Throughout the year, global sourcing offers us shipped southern hemisphere cherries that can have spent three or four weeks in cold storage. A freshly picked cherry, only recently cooled to remove its orchard heat, is quite a different proposition. Assuage your financial guilt by thinking of them as a health food. Who needs sweets when you can pop cherries into your mouth?
Why are cherries good for me?
Anthocyanins in cherries appear to have a marked anti-inflammatory action. Specifically, these compounds seem to be highly effective in treating gout, a condition that causes painful swelling in joints. Last year, a Boston Medical Center study reported that eating cherries reduces gout attacks by 35%. Cherries are also one of the few food sources of the hormone melatonin, which regulates sleep patterns. A study published in 2011 in the European Journal of Nutrition, reported that eating tart montmorency (or morello) cherries significantly raised levels of melatonin and improved sleep.

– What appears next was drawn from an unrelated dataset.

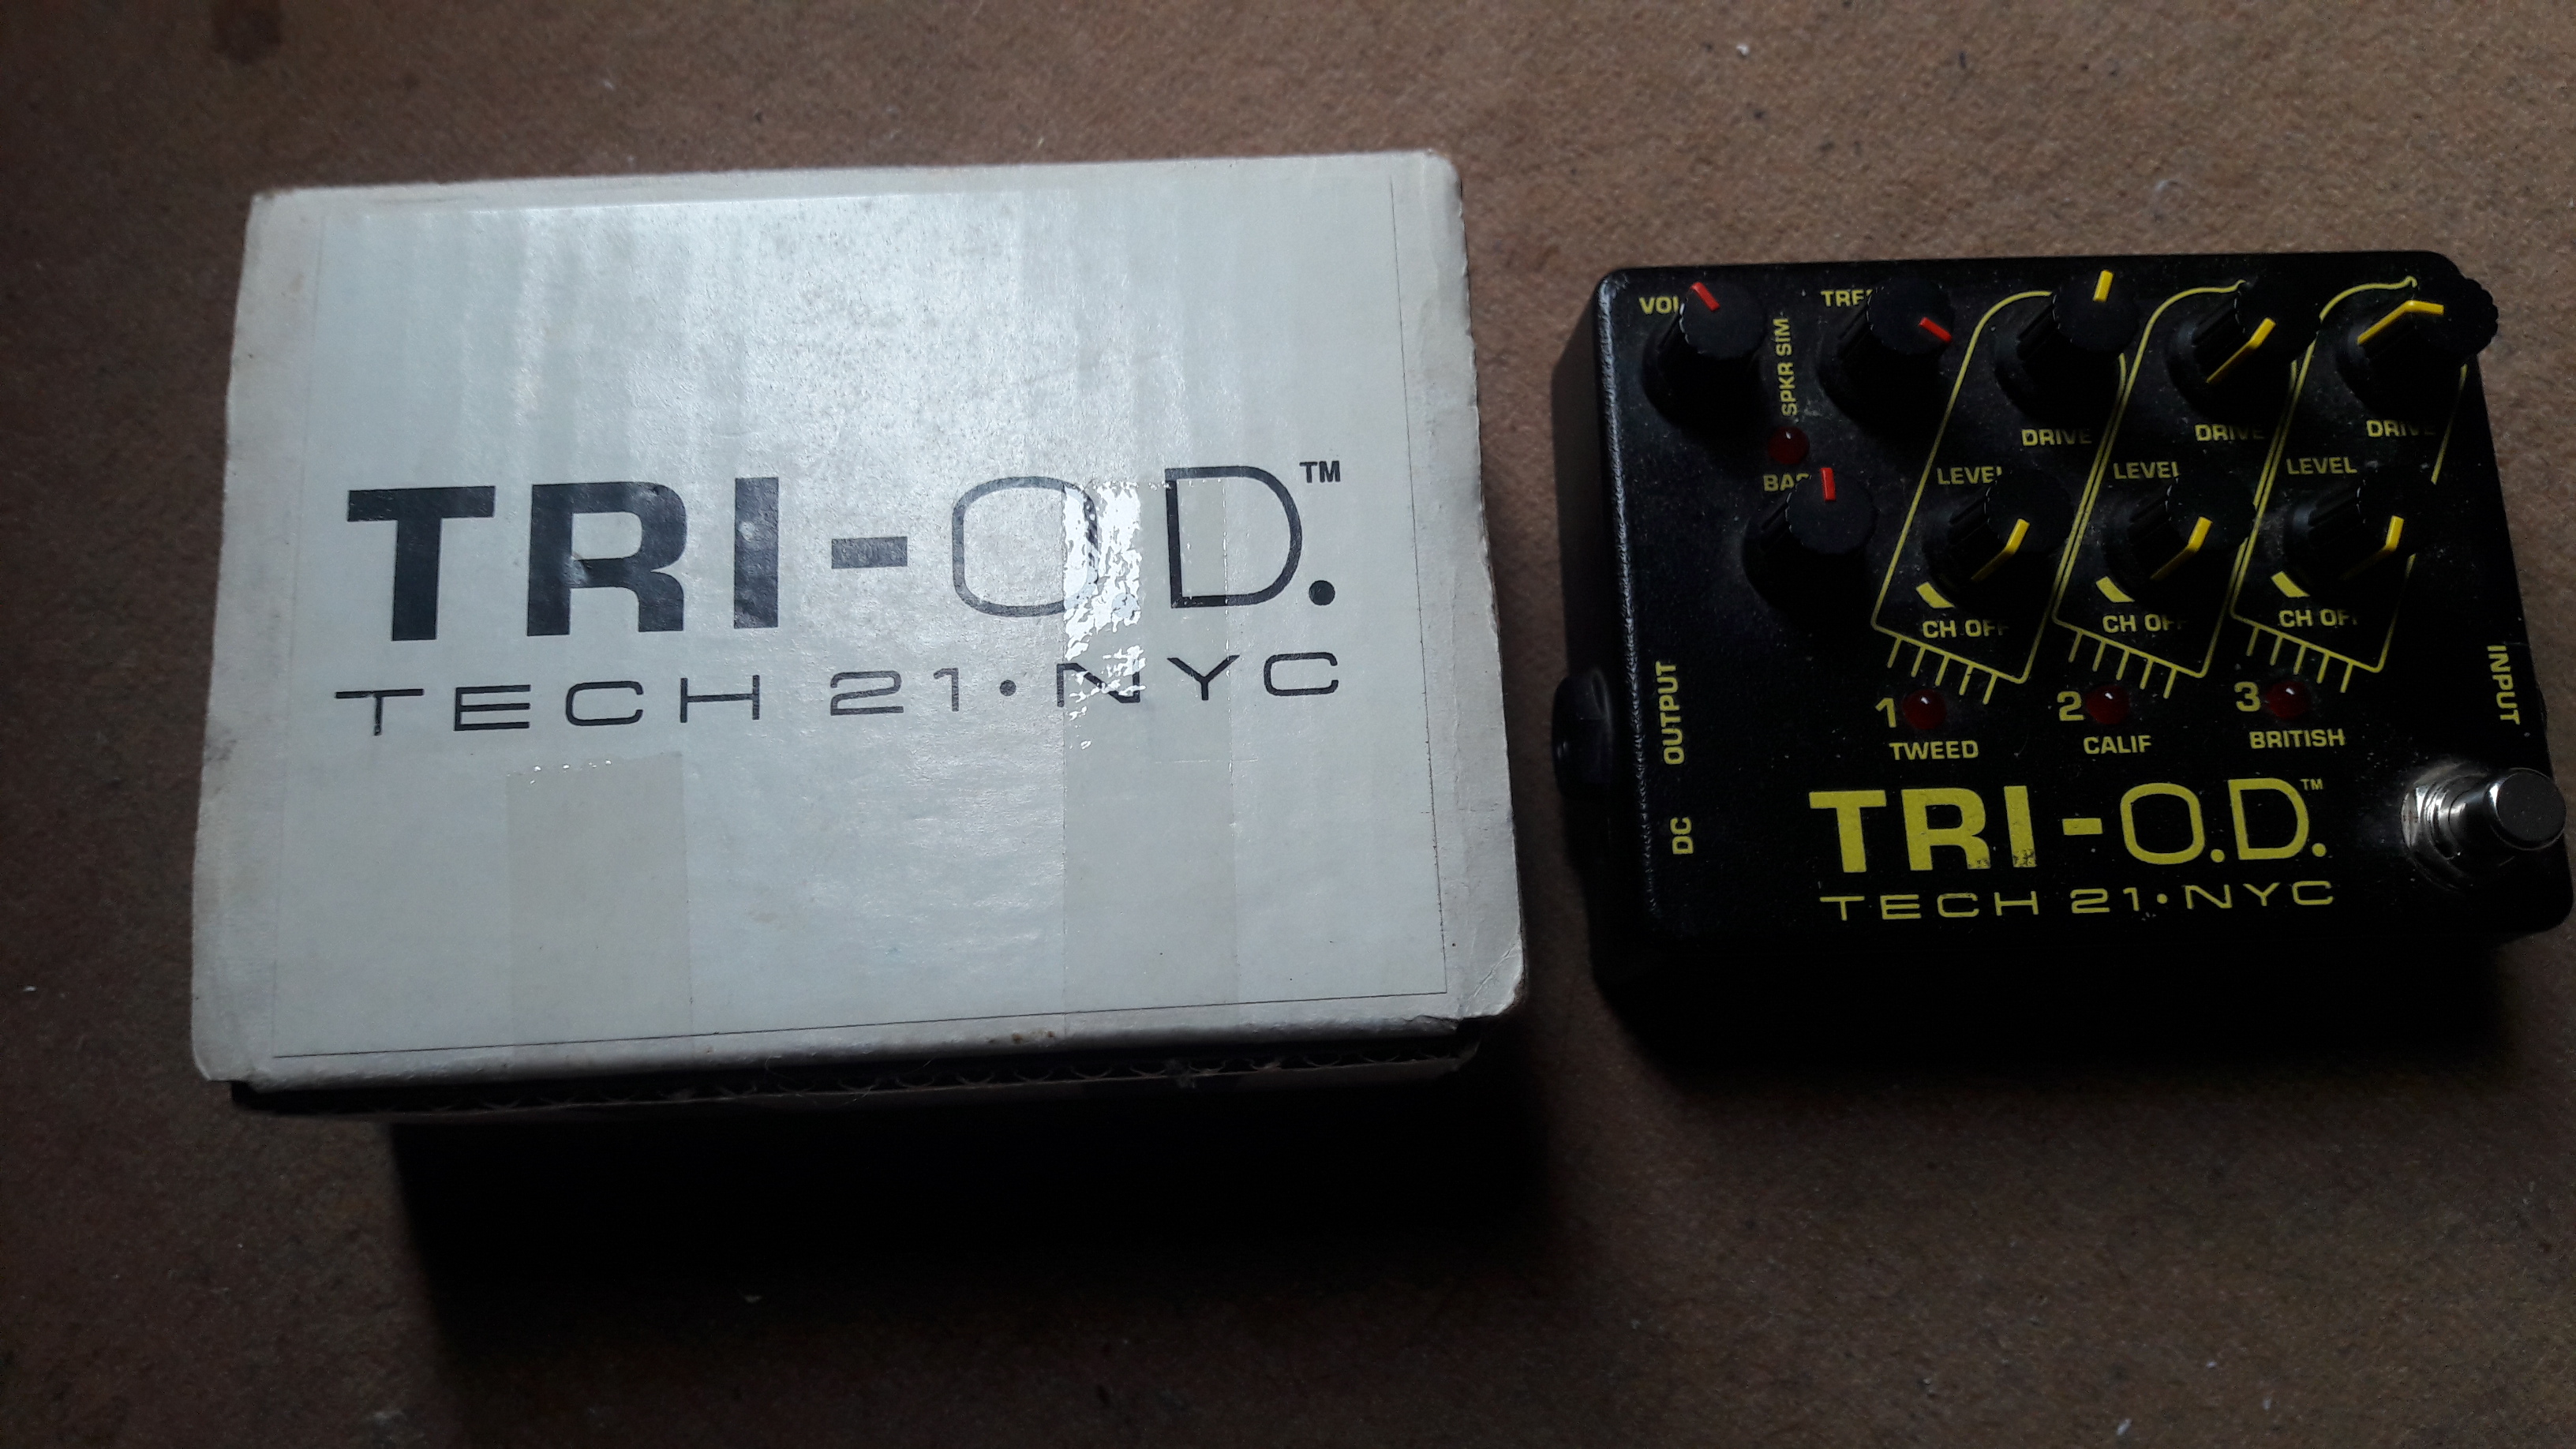 Tri-OD - Tech 21 Tri-OD - Audiofanzine

Compared to most other fruits, cherries are low in sugar, which makes them an ideal choice for people who want to lose weight.
Where to buy and what to pay
In Kent, Sussex and Herefordshire, our main cherry-growing counties, look out for pick-your-own farms and pop-up cherry stalls on roads through the orchard areas. In shops, expect to pay around £1 per 100g. Two-kilo boxes from greengrocers and markets are much better value, working out at around half that price.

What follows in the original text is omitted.